The discrepancy between common law countries themselves

A unique difference that arises between countries following the same legal system, in this case, the common law system itself is evident in the case of the common law of the United States of America and that of the United Kingdom. 

In the USA, the courts themselves have the authority to strike down any laws passed by legislators on the grounds of unconstitutionality or the same being a violation of the federal law. In the United Kingdom, however, only the Parliament, not the court of law, has the authority to revoke or make amendments to any legislation. 

Distinctive features of a Roman law system

Some distinctive features of a Civil law/ Roman law system are as follows-

  1. A written constitution is almost always mandatory as this form of a legal system relies heavily upon the written codes, statutes and ordinances which are very specific in nature. 
  2. Judicial precedents are not binding as the onus rests solely on the legislative enactments which are binding in nature.
  3. The writings of legal scholars and experts hold a lot of weight in court as compared to the common law system. They exercise more autonomy than even the judges in some cases.
  4. This legal system is less prescriptive in nature. With respect to contracts, the parties are not given sufficient autonomy to draft their own lengthy and extensive contracts as in the common law system, rather more importance is given to the implied meaning of the terms of the contract. 
  5. The lawyers play an inquisitorial role rather than an adversarial one. The lawyers are required to present arguments on the basis of the evidence which the court finds rather than finding it themselves. 
  6. The judges do not exercise considerable autonomy or discretionary powers and are bound by the codified statutes instead. Their role is merely to establish the facts of the case and apply the codified principles to the same in order to provide a remedy to the aggrieved party. 

Mixed law countries 

Countries even today seem to be figuring out the legal system they want to follow as since society itself is such a dynamic concept, the laws governing the same need to constantly change as well in order to remain relevant. Examples of some mixed law countries are-

  1. Quebec – Although Canada, as stated earlier, is a common law country, the legal system of Quebec is slightly different. Being a French province, it follows a largely civil law system but due to Canadian federalism, it is subject to some common law traditions as well.
  2. South Africa – The legal system in South Africa consists of an amalgamation of the native customary law, the English common law as well as certain aspects of civil law.
  3. China – For the longest time, China had a very primitive legal system that was not given much importance. However, in the face of it becoming a global power today due to industrialization and urbanization, it has become increasingly important that the country adopt a legal system that can tackle international legal issues. Due to this, China is still trying to reform its plain legal system to form a stronger resemblance of the common law system. 

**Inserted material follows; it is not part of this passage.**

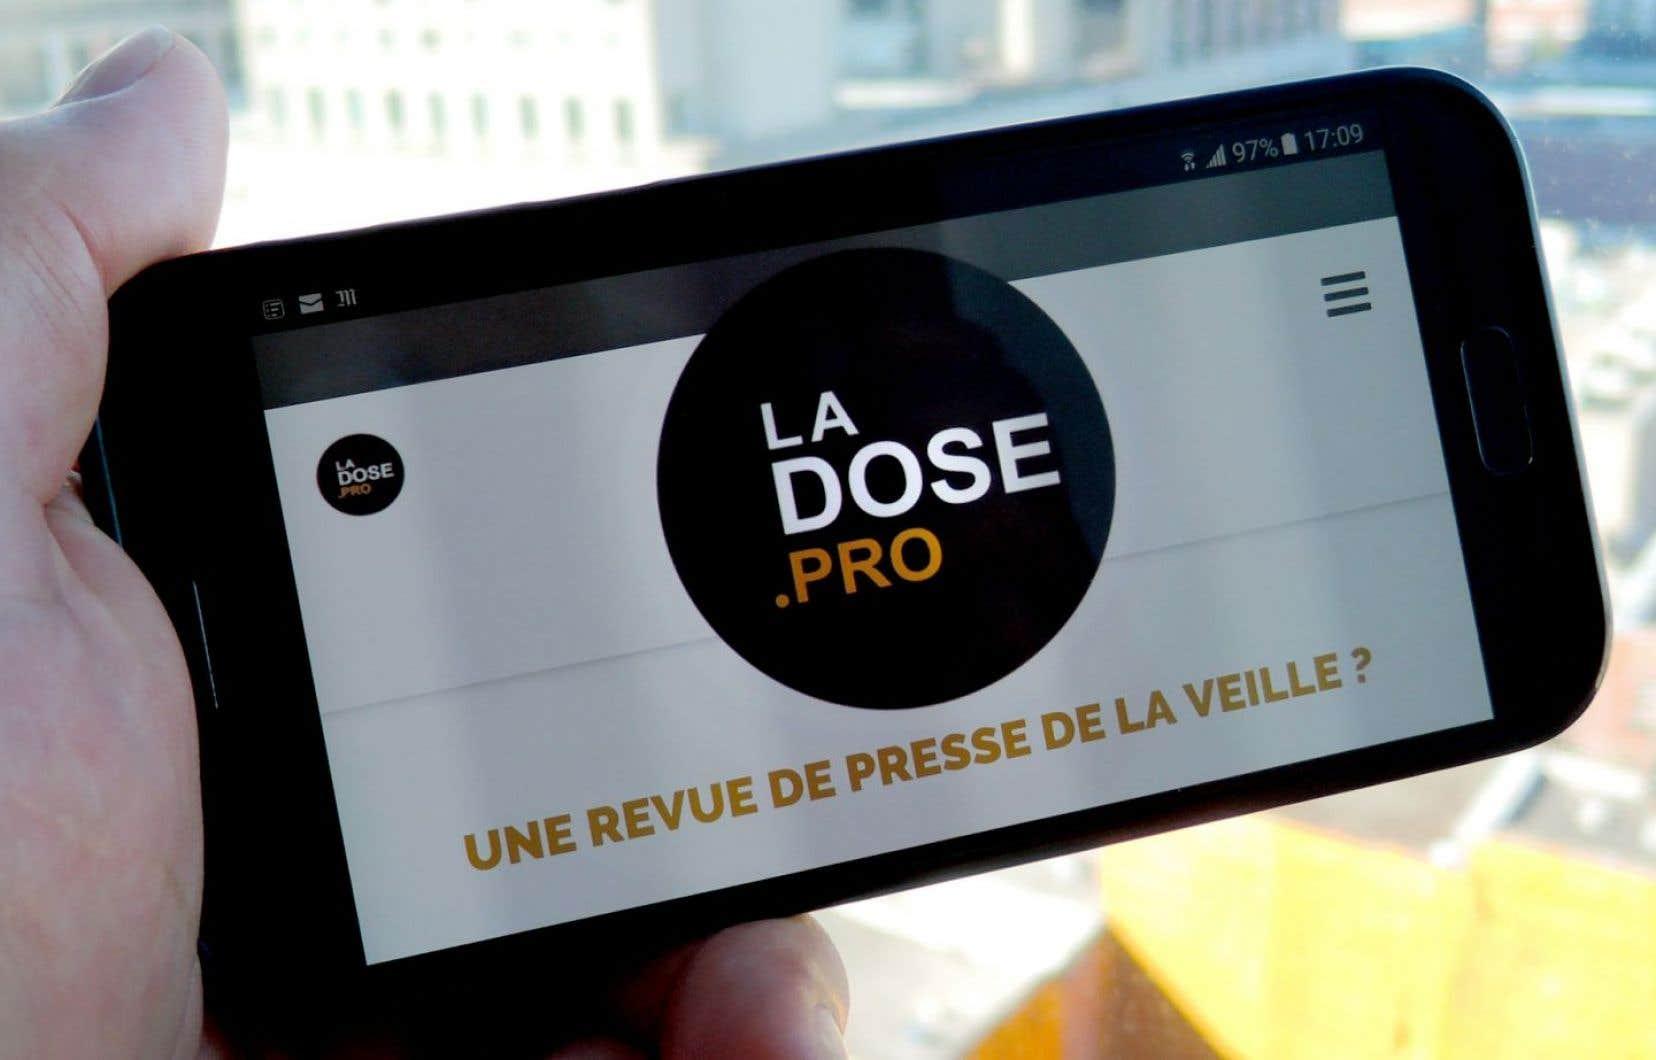 La Dose dispose de deux plateformes en ligne, une gratuite (LaDose.ca) et l'autre payante (LaDose.pro).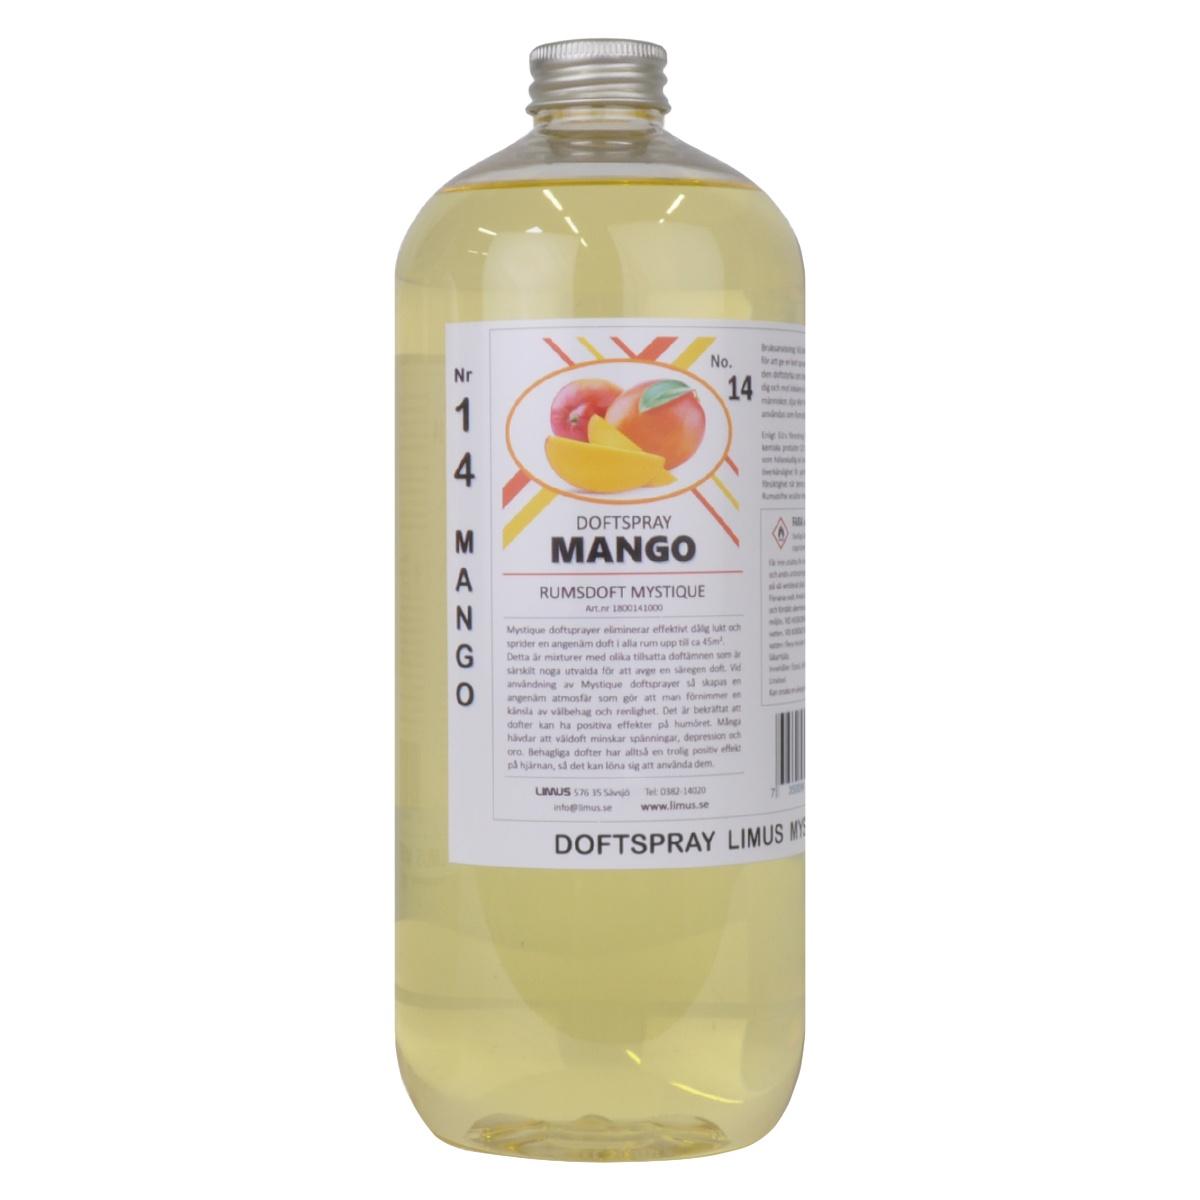 Doftvätska Mango 1000ml

From the above analysis, it is evident that though there exist many differences between the common and civil law systems, these differences tend to be more procedural or in the nature of the methodology adopted, rather than any substantive factors. At the end of the day, the aim of both these systems is the same- to deliver justice. Thus, it would not be fair to say that one system is better than the other. In fact, due to modernisation and globalisation, the differences between common and civil law are significantly reducing as cases that involve more than one jurisdiction deal with the question of choice of law that often uses a combination of both common law and civil law depending on the circumstances of the cases. Thus, there will definitely be a time in the future where each system might have to take a page out of the other’s book to best tackle certain situations in the future.